The very first question every iGEM team needs to answer is what their project should be about. Our goal was not only to participate successfully in the iGEM competition but to give something back to both the synthetic biology community and our local community. Organophosphate (OP) pollution is a major issue not only in India but also all over the globe. This inspired us to focus on the degradation of organophosphates by implementation of synthetic biology. Our approach does not suggest that OP pollution should continue, but it offers an environmentally friendly way to fight the existing OP-polluted water.

Proteins:
Our Workhorses

The proteins with which we intend to functionalize the bacterial cellulose (BC) filter should meet three functional aspects:

1. It must attach to the BC substratum strongly enough that it does not get washed away with the flow of water

2. It must catalytically degrade harmful organophosphate molecules into relatively harmless chemicals which can be easily separated from the water sample (say, with help of some physical process).

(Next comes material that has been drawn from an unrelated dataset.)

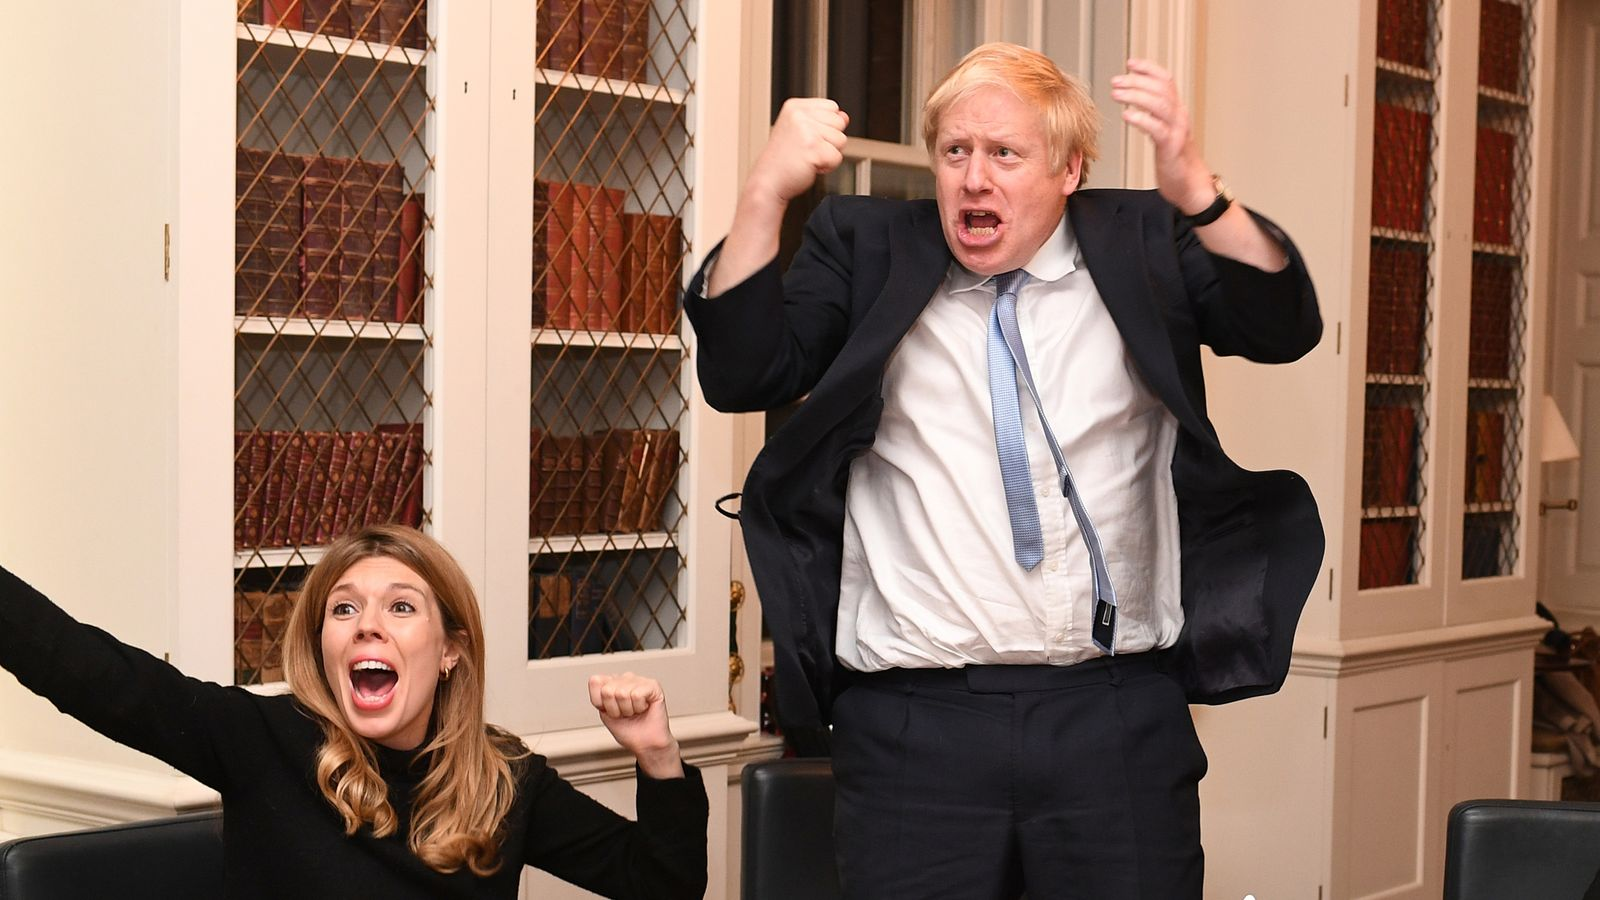 Johnson employs Cameron's 'vanity' photographer

3. It must be modular so that other teams in future can design some other bioremediation process (for example, addressing organochlorine pollution) simply by doing a minor change to our filtering platform.

These criteria were enough to convince us on designing fusion proteins in order to achieve our goal. Our endeavours yielded blueprints of two fusion proteins, namely C1 and C2.

1. The fusion protein that C1 codes for is essentially the docking module.

   

   The N-terminal has a well-characterized pelB leader sequence (19 amino acid long) which helps the protein to get exported to the periplasmic space of Gram-negative bacteria (often used in genetic engineering) via Sec translocation pathway. After aiding in secretion, the signal is removed by a signal peptidase present in the periplasm.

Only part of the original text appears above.